Unfortunately, the answer is "it depends". You didn't mention an operating system, but you implied linux when you mentioned GDB. I will try to be completely general in my answer.

There are basically three different "address spaces".

The first is logical address space. This is the range of a pointer. Modern (386 or better) have memory management units that allow an operating system to make your actual (physical) memory appear at arbitrary addresses. For a typical desktop machine, this is done in 4KB chunks. When a program accesses memory at some address, the CPU will lookup where what physical address corresponds to that logical address, and cache that in a TLB (translation lookaside buffer). This allows three things: first it allows an operating system to give each process as much address space as it likes (up to the entire range of a pointer - or beyond if there are APIs to allow programs to map/unmap sections of their address space). Second it allows it to isolate different programs entirely, by switching to a different memory mapping, making it impossible for one program to corrupt the memory of another program. Third, it provides developers with a debugging aid - random corrupt pointers may point to some address that hasn't been mapped at all, leading to "segmentation fault" or "invalid page fault" or whatever, terminology varies by OS.
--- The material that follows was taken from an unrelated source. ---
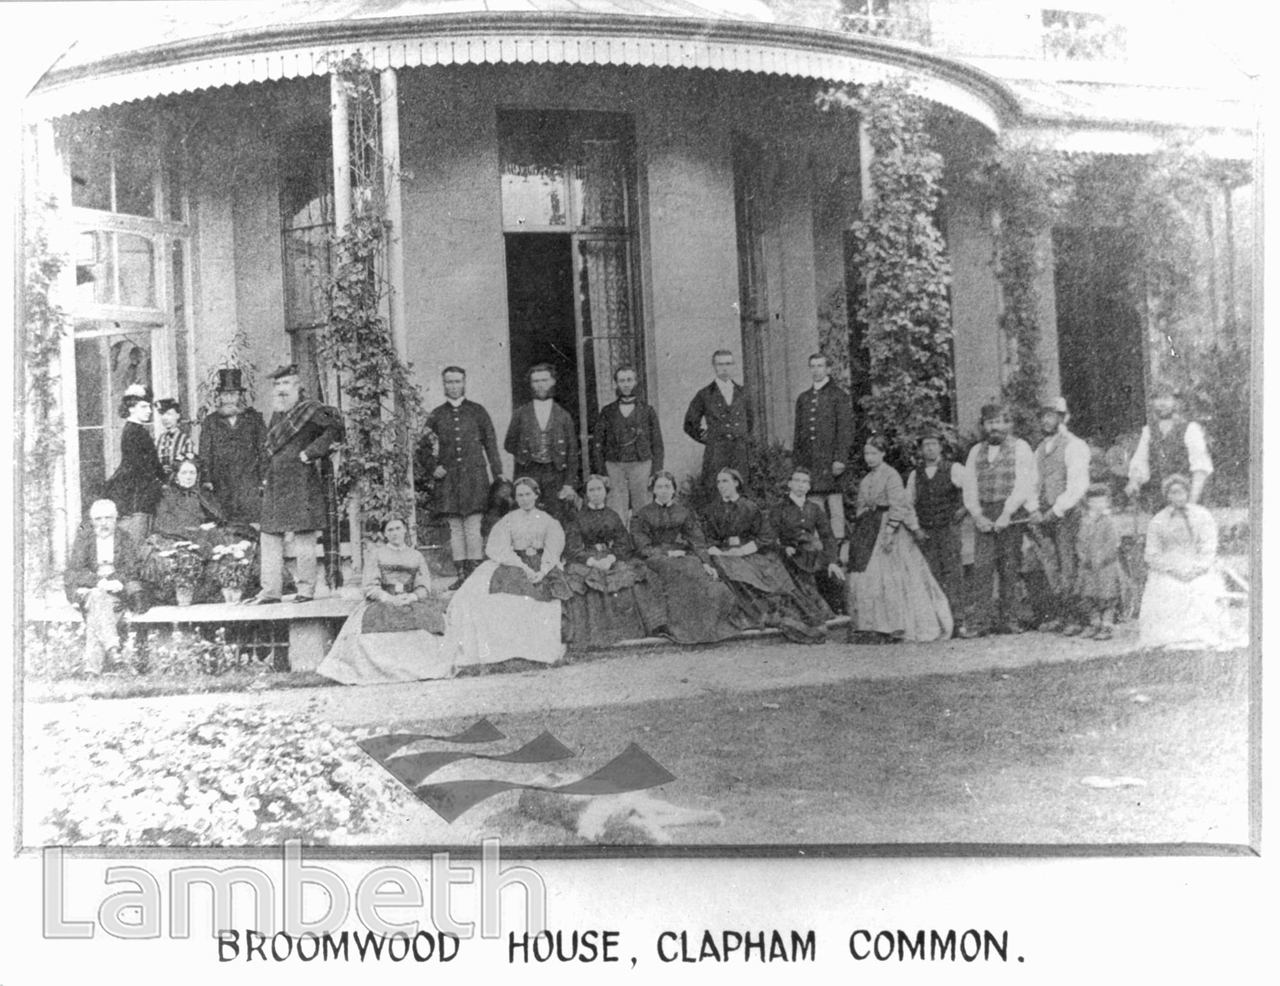 BROOMWOOD HOUSE, CLAPHAM COMMON WEST SIDE, CLAPHAM
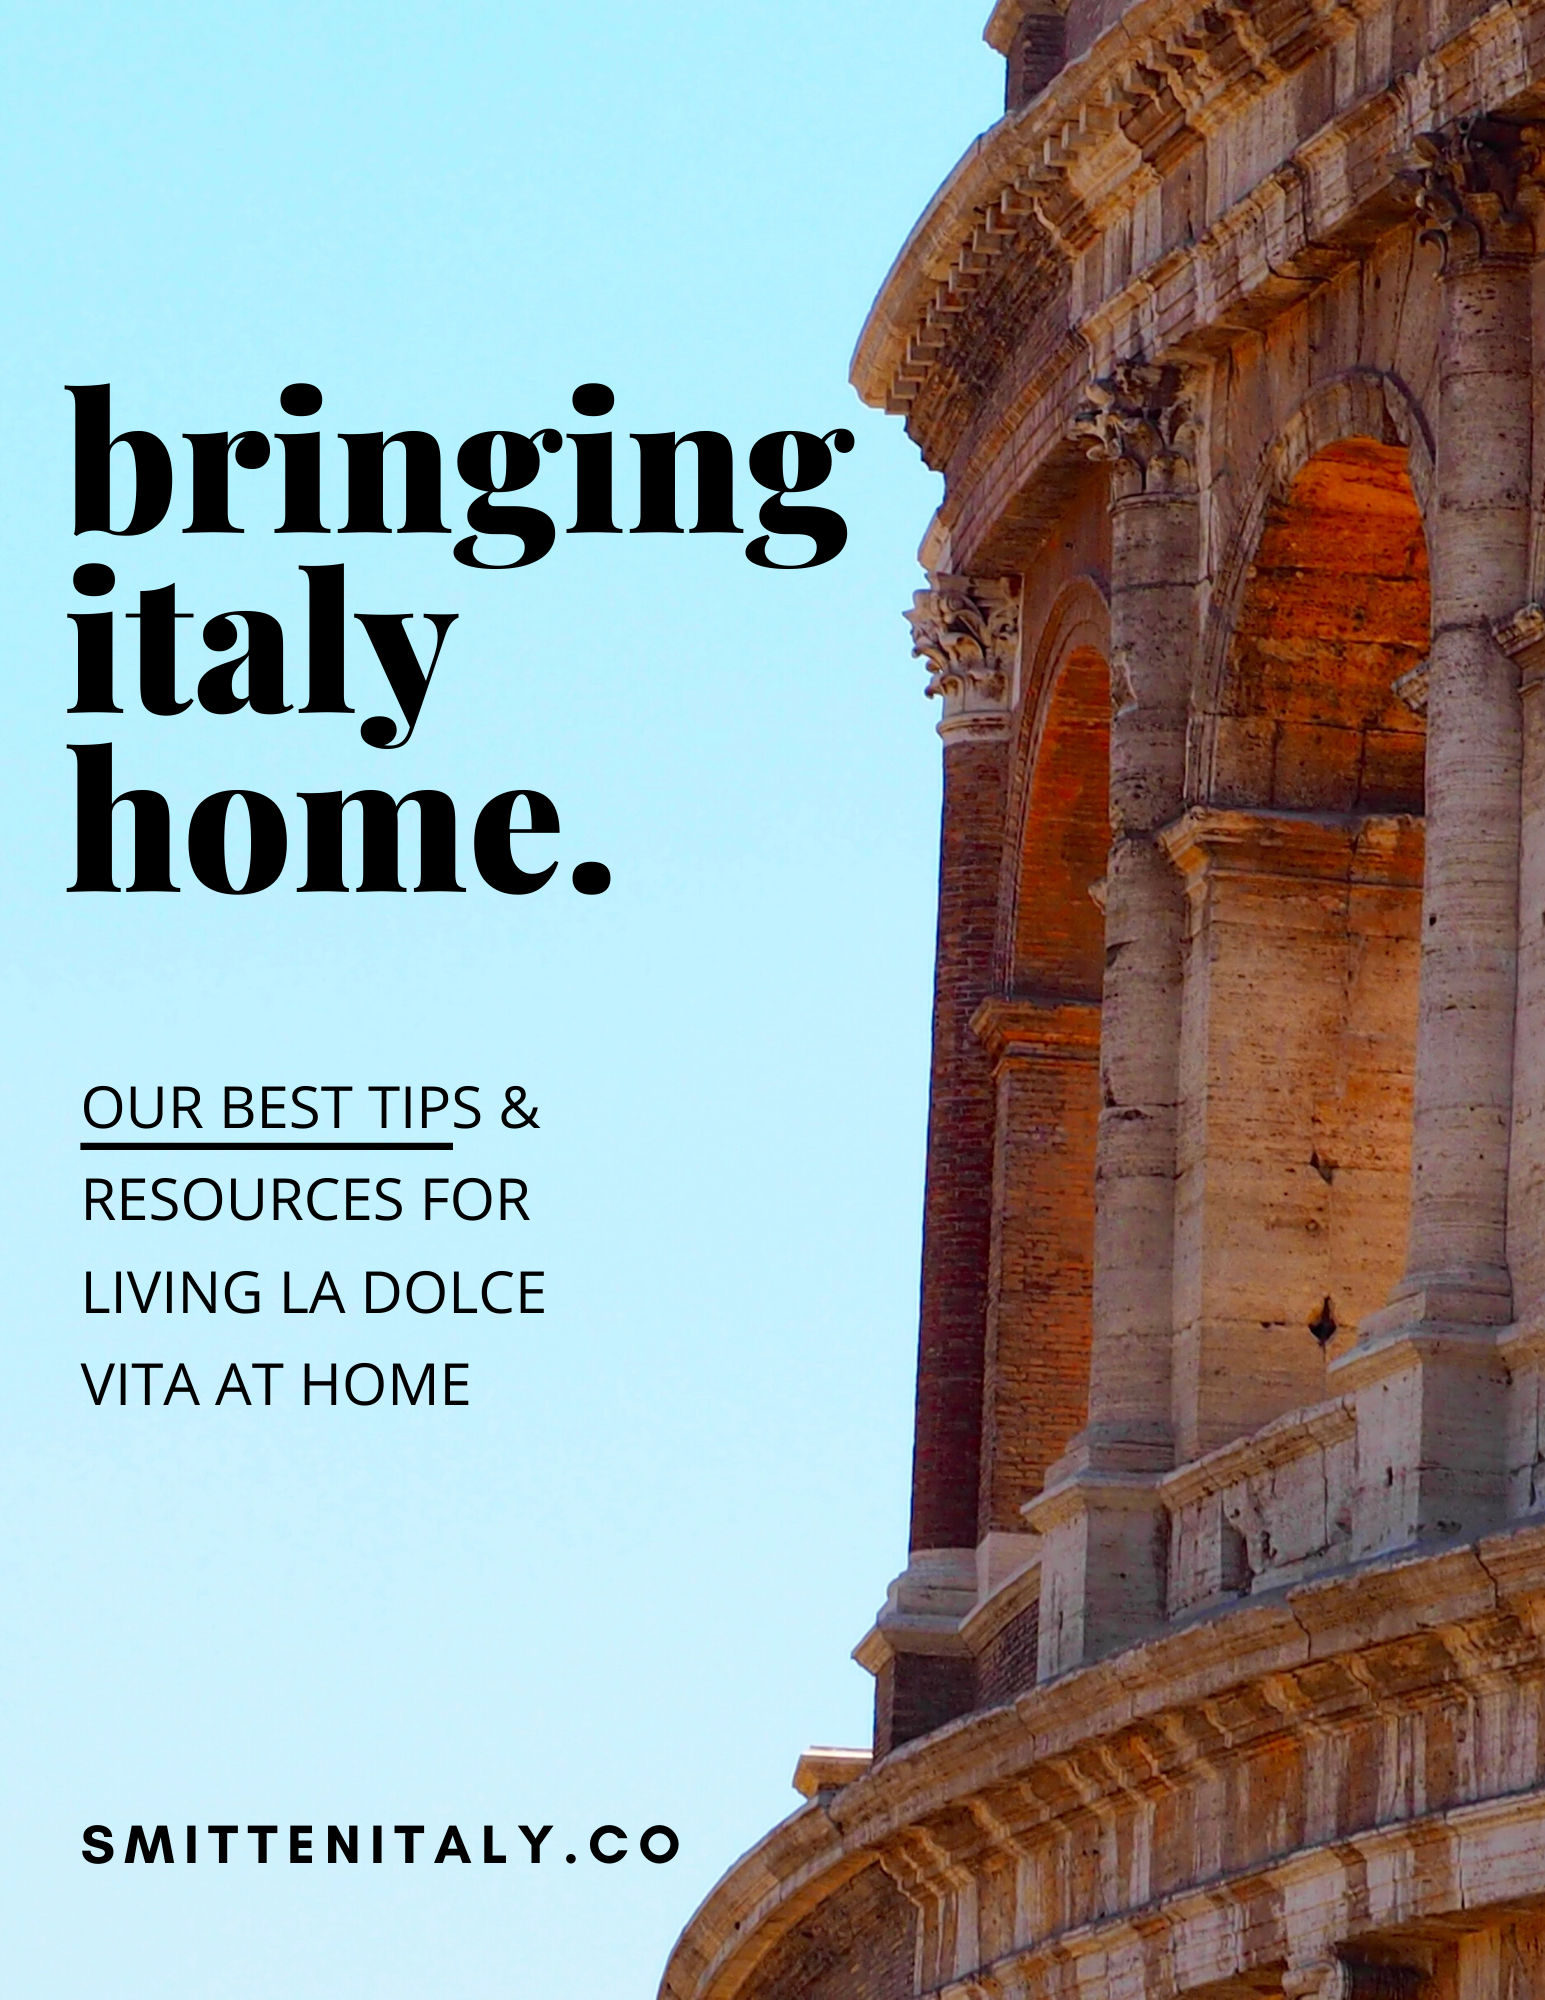 Bringing Italy Home. (simple ideas to live "la dolce vita" at home) 2

The second address space is physical memory. It is simply your RAM - you have a finite quantity of RAM. There may also be hardware that has memory mapped I/O - devices that LOOK like RAM, but it's really some hardware device like a PCI card, or perhaps memory on a video card, etc.

The third type of address is virtual address space. If you have less physical memory (RAM) than the programs need, the operating system can simulate having more RAM by giving the program the illusion of having a large amount of RAM by only having a portion of that actually being RAM, and the rest being in a "swap file". For example, say your machine has 2MB of RAM. Say a program allocated 4MB. What would happen is the operating system would reserve 4MB of address space. The operating system will try to keep the most recently/frequently accessed pieces of that 4MB in actual RAM. Any sections that are not frequently/recently accessed are copied to the "swap file". Now if the program touches a part of that 4MB that isn't actually in memory, the CPU will generate a "page fault". THe operating system will find some physical memory that hasn't been accessed recently and "page in" that page. It might have to write the content of that memory page out to the page file before it can page in the data being accessed. THis is why it is called a swap file - typically, when it reads something in from the swap file, it probably has to write something out first, effectively swapping something in memory with something on disk.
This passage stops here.